1. Generate samples from initial centroids
2. Randomly choose initial centroids
3. Associate each sample to its nearest centroid
4. Update each centroid to be the mean of the samples associated to it

This is a single iteration of k-means! I encourage you to take a shot at the exercises, which turns this into an iterative version.

1) The seed option passed to `generate_samples` ensures that the samples that are “randomly” generated are consistent everytime you run the script.
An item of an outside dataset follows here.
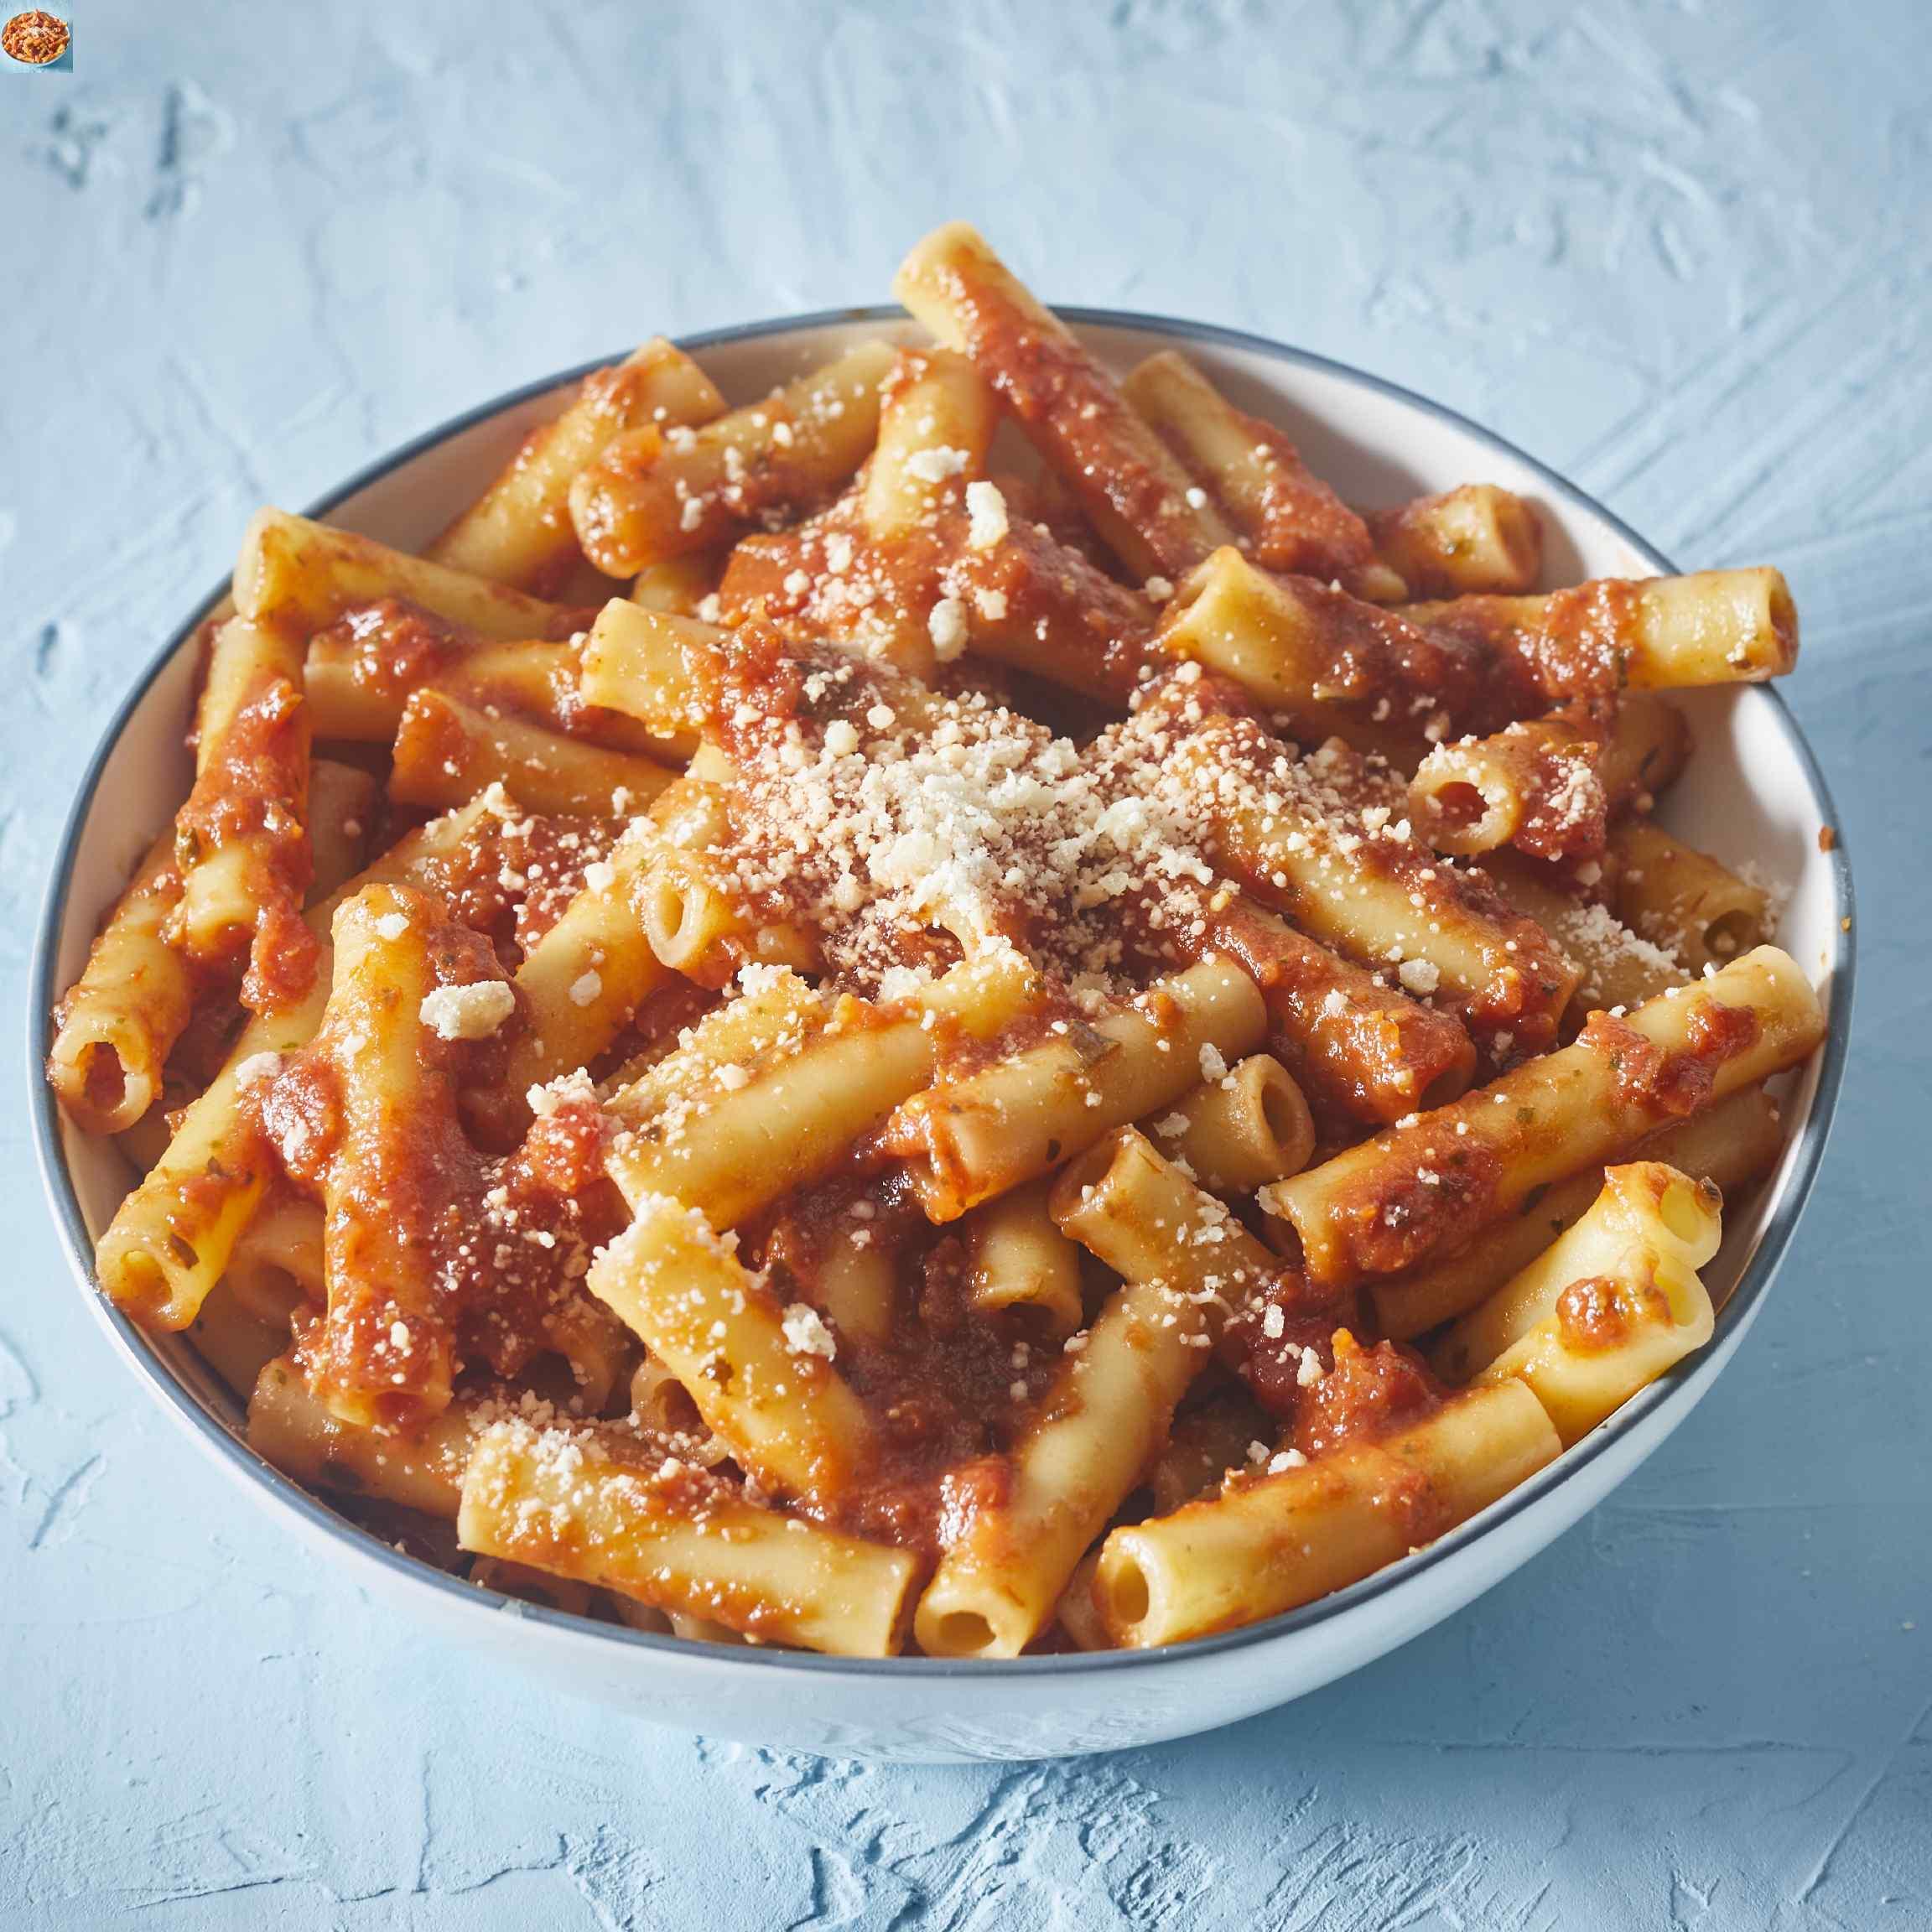 Ziti with Tomato-Pesto Sauce Risa G

We didn’t pass on the seed to the `choose_random_centroids` function, which means those initial centroids are different each time the script is run. Update the script to include a new seed for random centroids.

2) The k-means algorithm is performed iteratively, where the updated centroids from the previous iteration are used to assign clusters, which are then used to update the centroids, and so on. In other words, the algorithm alternates between calling `assign_to_nearest` and `update_centroids`. Update the code to perform this iteration 10 times, before stopping. You’ll find that the resulting centroids are much closer on average with more iterations of k-means. (For those that have experience with k-means, a future tutorial will look at convergence functions and other stopping criteria.)